Testing ondemand


#1

We have been able to successfully install ondemand and are now in the testing phase. The following is our cluster yml file monsoon.yml:

# /etc/ood/config/clusters.d/monsoon.yml
---
v2:
  metadata:
    title: "Monsoon Cluster"
  login:
    host: "wind.hpc.nau.edu"
job:
    adapter: "slurm"
    cluster: "monsoon"
    bin: "/usr/bin"
    conf: "/etc/slurm/slurm.conf"

When we run the following we get an error we are not sure how to correct. Ignoring the Rails error of course.
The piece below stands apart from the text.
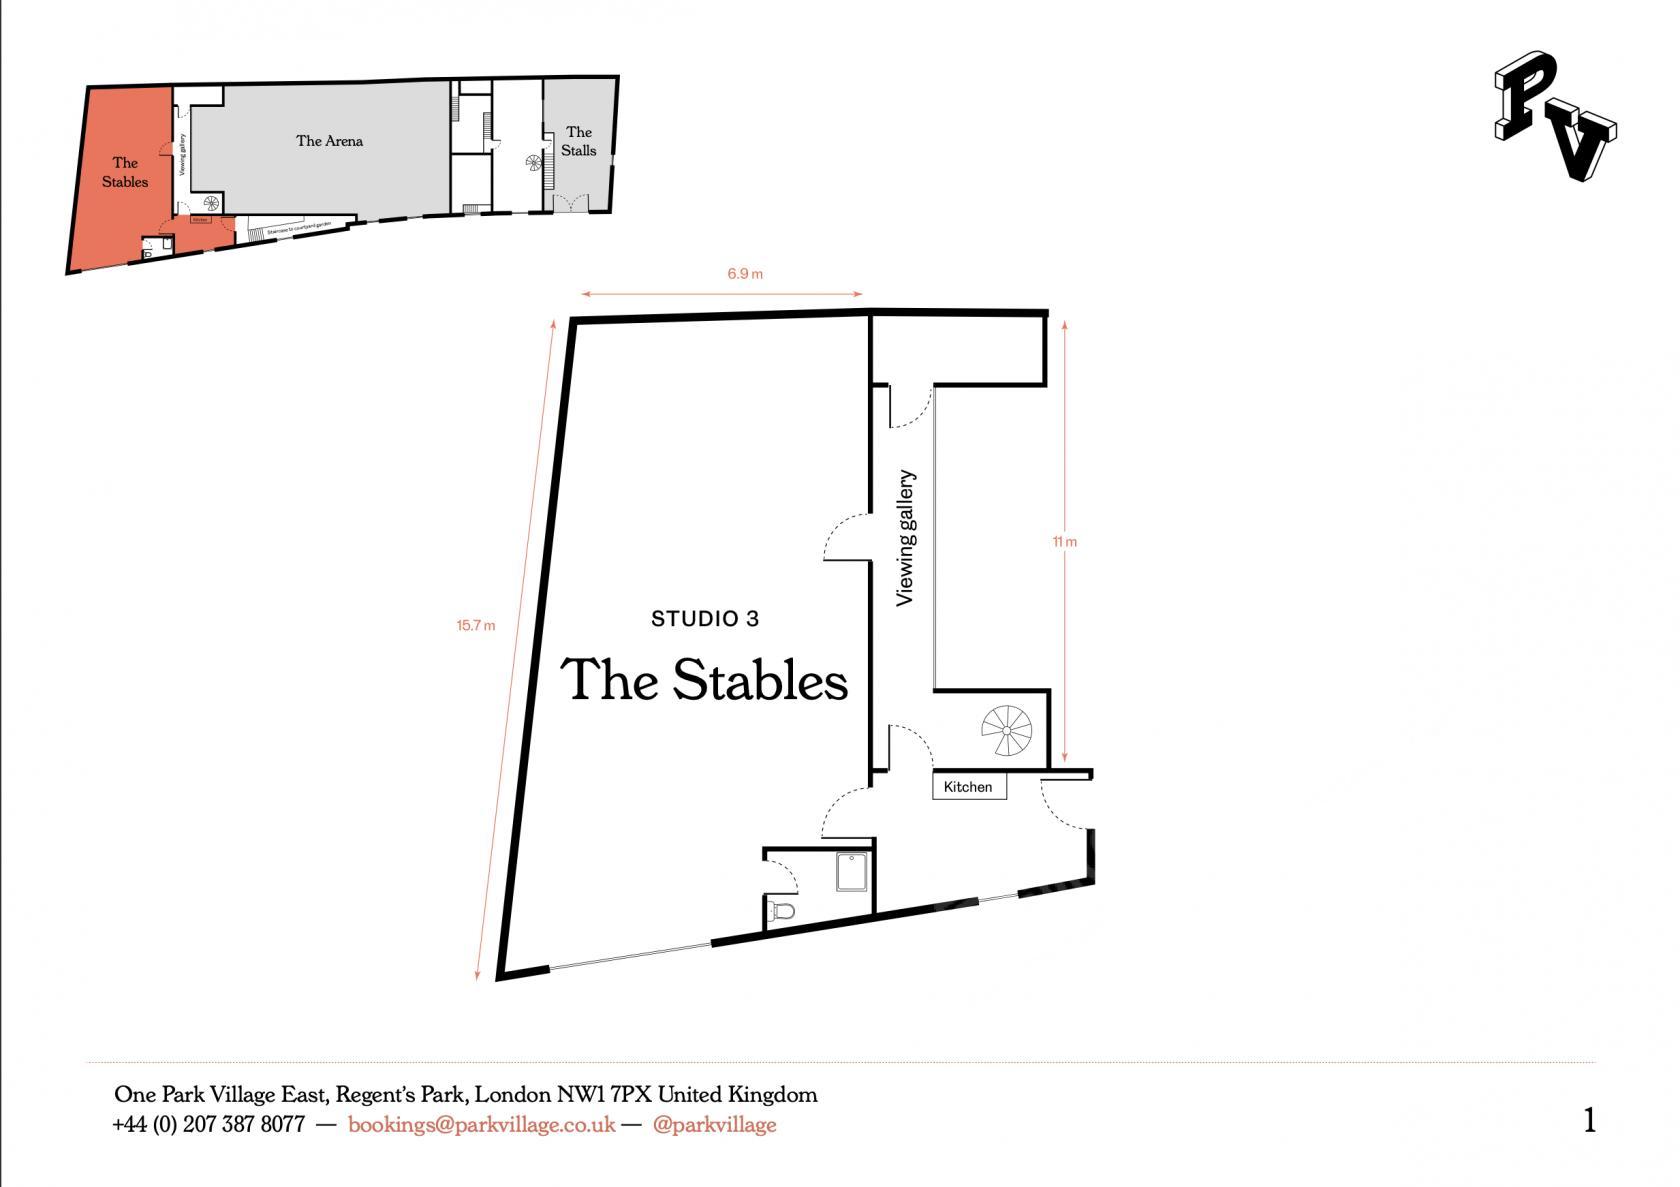 The Stables (Studio 3)

[wew@ondemand /var/www/ood/apps/sys/dashboard ]$ sudo su $USER -c ‘scl enable rh-ruby22 nodejs010 – bin/rake test:jobs:monsoon RAILS_ENV=production’
Rails Error: Unable to access log file. Please ensure that /var/www/ood/apps/sys/dashboard/log/production.log exists and is writable (ie, make it writable for user and group: chmod 0664 /var/www/ood/apps/sys/dashboard/log/production.log). The log level has been raised to WARN and the output directed to STDERR until the problem is fixed.
Skipping ‘monsoon’ as it doesn’t allow job submission.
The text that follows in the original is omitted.